- The T-1000 in its liquid metal form in Terminator 2: Judgment Day (1991)
- First appearance: Terminator 2: Judgment Day (1991)
- Last appearance: Mortal Kombat 1 (2023)
- Created by: James Cameron William Wisher Jr.
- Portrayed by: Robert Patrick (Terminator 2) Lee Byung-hun (Terminator Genisys)

In-universe information
- Species: Android
- Occupation: Terminator
- Manufacturer: Skynet
- Model: T-1000

= T-1000 =

Robotic antagonist in "Terminator 2: Judgment Day"

The T-1000 is a fictional machine in the Terminator franchise. The first T-1000 was the main antagonist in the 1991 film Terminator 2: Judgment Day, portrayed by Robert Patrick in what was his breakout role. Patrick briefly reprised the role for T2-3D: Battle Across Time, a 1996 theme park attraction. Another T-1000 is present in the 2015 film Terminator Genisys, a reboot of the series, with Lee Byung-hun in the role.

In the franchise, the T-1000 is a Terminator, a line of android assassins created by the artificial intelligence Skynet. In the future, Skynet is engaged in a war against humans, who are led by John Connor. In Terminator 2, the T-1000 is sent back in time to kill John while he is ten years old. The T-1000 is made up of a liquid metal, known in the film as mimetic polyalloy, which allows it to shapeshift into other people or objects that come into contact with it. The shapeshifting abilities have also been reused for subsequent machines in the Terminator franchise, including the T-X, the T-1001, and the Rev-9.

The liquid metal effects for T-1000 were created through computer-generated imagery by Industrial Light & Magic, and practical effects by Stan Winston. The character, including Patrick's performance and the visual effects required to depict it, were praised by critics. Since then, the T-1000 has been parodied or referenced in other media.

==Abilities==
===Shapeshifting===
In Terminator 2: Judgment Day, the T-1000 is established as an advanced Terminator prototype. It is more sophisticated than the T-800, which consists of living human tissue over a metal endoskeleton. By contrast, the T-1000 is entirely made up of a liquid metal, known in the film as mimetic polyalloy, rendering it capable of shapeshifting and near-perfect mimicry of people and objects that come into contact with it. Although it possesses a default humanoid shape, it can assume alternative forms to fit through narrow openings. It can morph its arms into solid metal tools or bladed weapons, and flatten itself and imitate the pattern and texture of the ground to hide or to ambush targets.

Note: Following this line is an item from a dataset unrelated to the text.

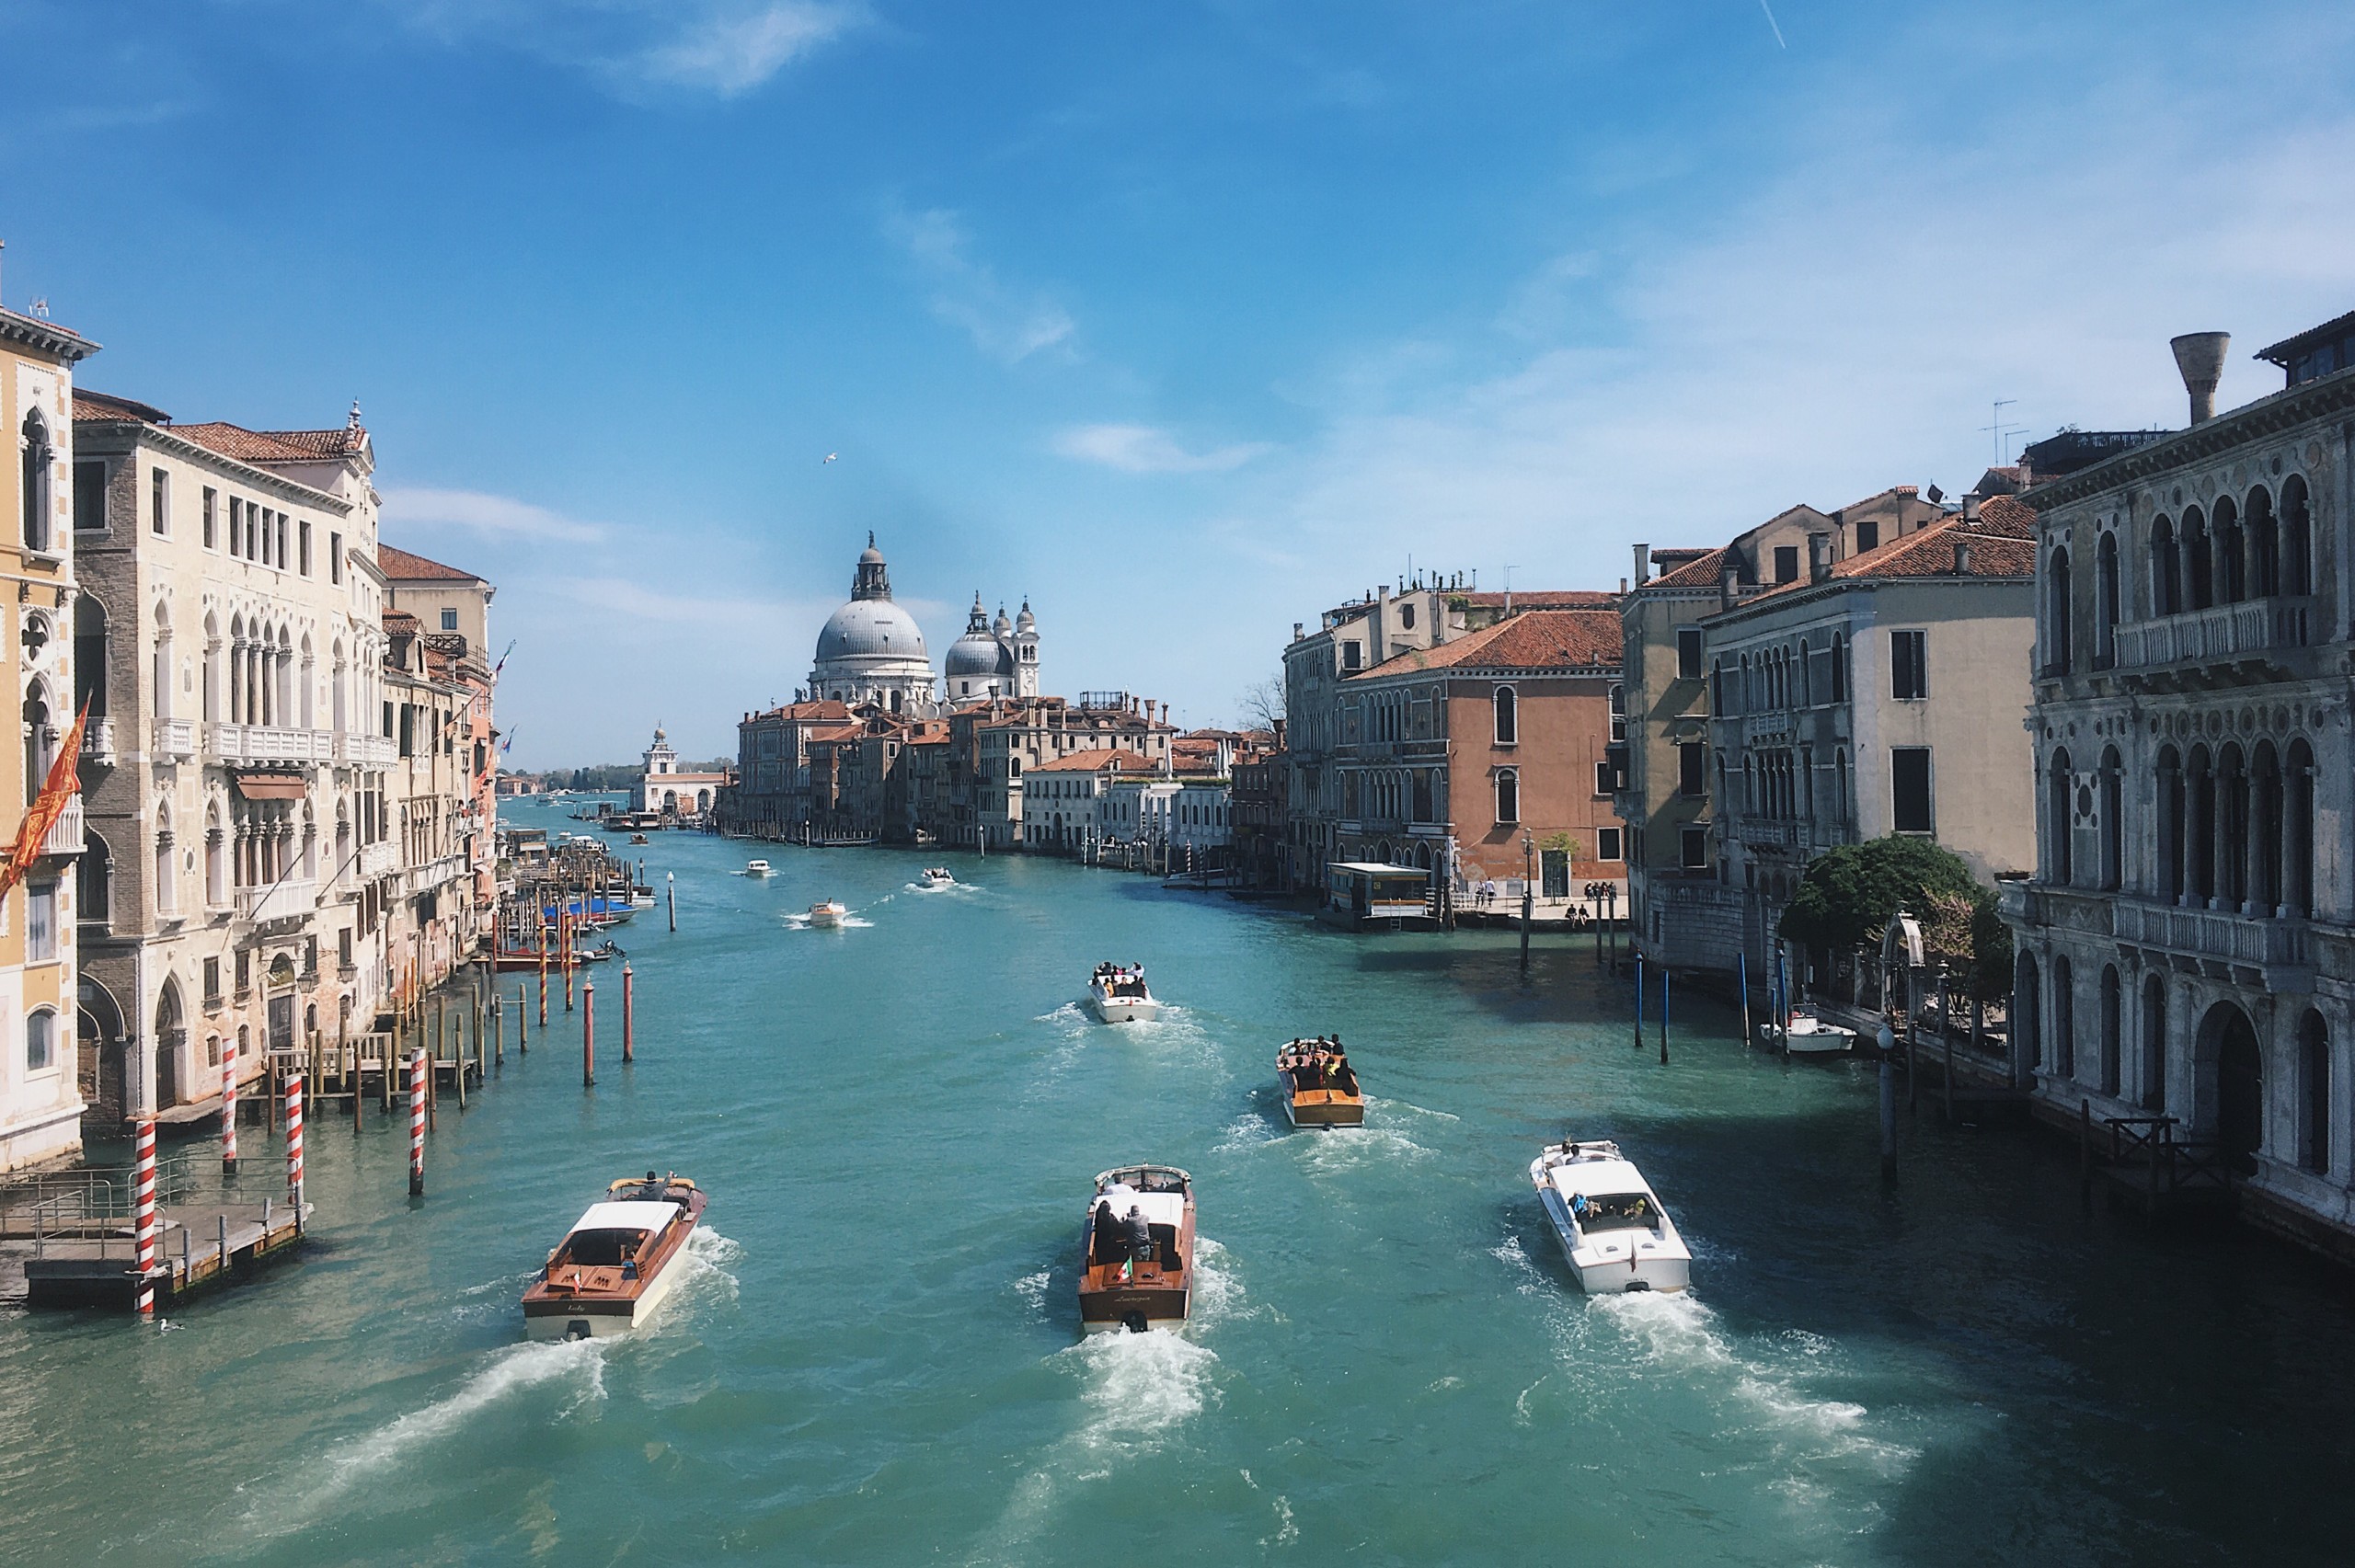 Ett stadslandskap från Venedig i färg. På bilden ser vi en bred å som rinner mot horisonten. På ån ser vi ett flertal båtar. Längs med ån står hus. Himlen är klarblå.

The T-1000 can change its surface color and texture to convincingly simulate flesh, clothing, and other nonmetallic materials, but its morphing abilities are limited. It cannot transform into complex machines with moving parts or chemical fuels (such as guns or bombs), limiting it to stabbing weapons, and its volume prevents it from taking the form of a smaller object like a pack of cigarettes. It is capable of impersonating people larger than itself. Any pieces of its body that are broken off will liquefy and merge with the bulk of the T-1000 when it gets close enough.

The T-1000's abilities are further explained in the prologue of the film's novelization, which states that the machine is a "nanomorph" created through nanotechnology, able to scan the molecular structure of whatever it is touching and visually mimic it. At one point in the film, the T-1000 mimics an obese security guard, which "strained its ability" according to the novelization.

The T-1000's liquid metal allows the machine to recover quickly from damage, but is prone to malfunction after being frozen, as shown in the film's Special Edition DVD release. It is also susceptible to chemical damage, as shown in Terminator Genisys. In the latter film, it is also shown that the T-1000 can repair other Terminators by infusing them with liquid metal. It can also use its own body to form independent weapons and gadgets, such as a spear or a tracking device.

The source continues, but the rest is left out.